Bloomberg reports that local authorities were unfairly asked to reimburse payments that the firms made over five years to the California Public Securities Association, a lobbying group, to help influence the state, the Financial Industry Regulatory Authority, which oversees securities firms, said Thursday in a statement. The firms inadequately described the fees, wrapping them into bond-underwriting expenses, Finra said.
Underwriters that fund bond-authorization campaigns and then collect fees from approved debt sales are among unresolved pay-to-play issues in the $3.7 trillion municipal market. Hiring an underwriter based on whether it supports a campaign rather than its ability to market bonds can lead to mispricing, which can hurt investors, as well as higher fees and borrowing costs.

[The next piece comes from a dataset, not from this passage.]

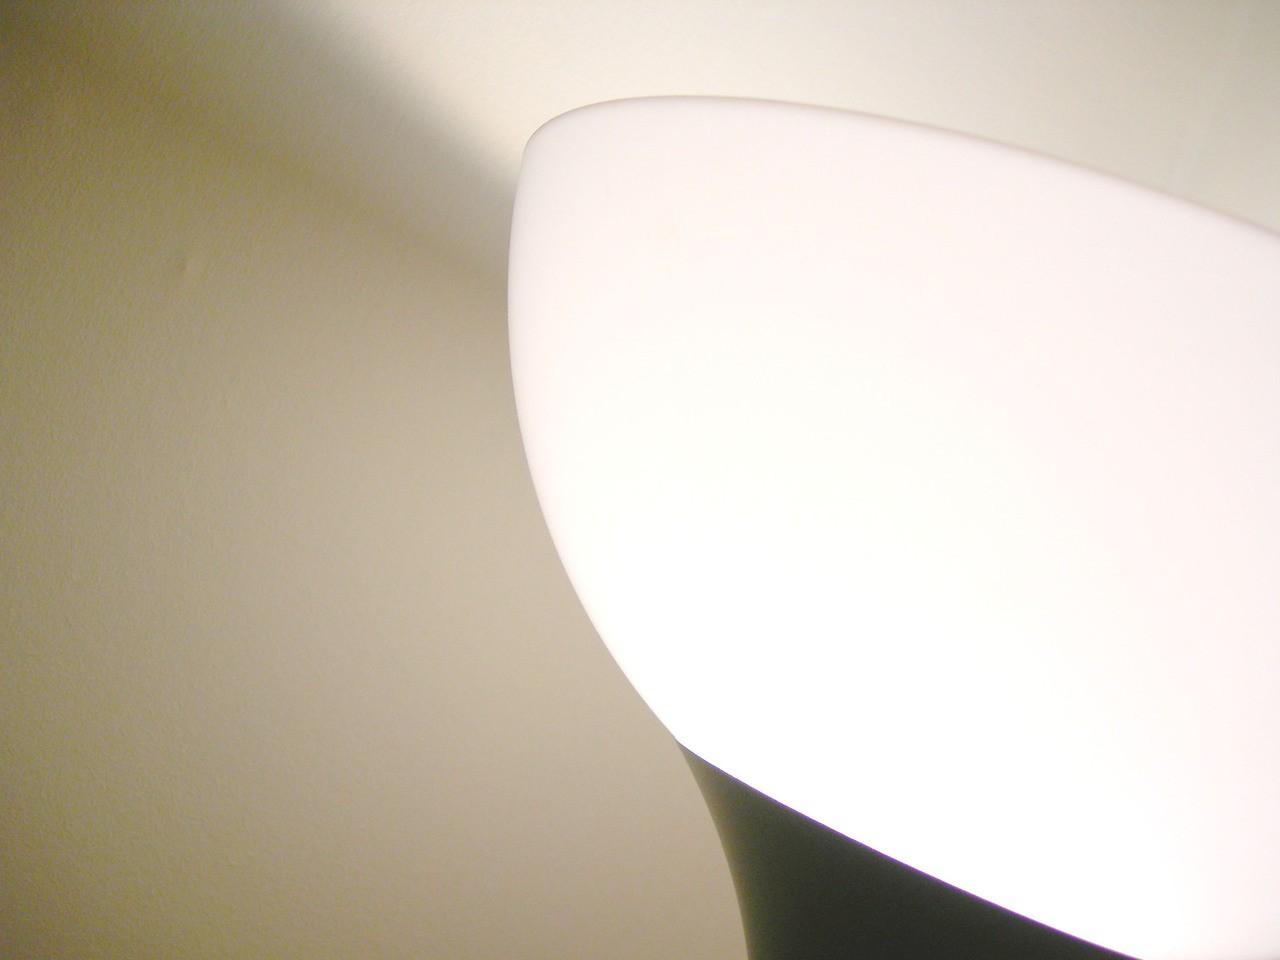 Oprawa downlight jako stylowa dekoracja

'The script remains the same', said Marilyn Cohen, founder of Envision Capital Management Inc. in Los Angeles, which oversees about $210m of munis. 'I’m not surprised - my surprise is they found it. That’s just the cost of doing business. It’s all pay-to-play'.
The banks, also including Goldman Sachs Group Inc. (GS),JPMorgan Chase & Co. (JPM) and Morgan Stanley, agreed to pay $3.35m in fines and reimburse certain California bond issuers $1.13m, according to the statement. Citigroup’s $1.28m in sanctions were the largest, followed by Merrill’s $1.07m.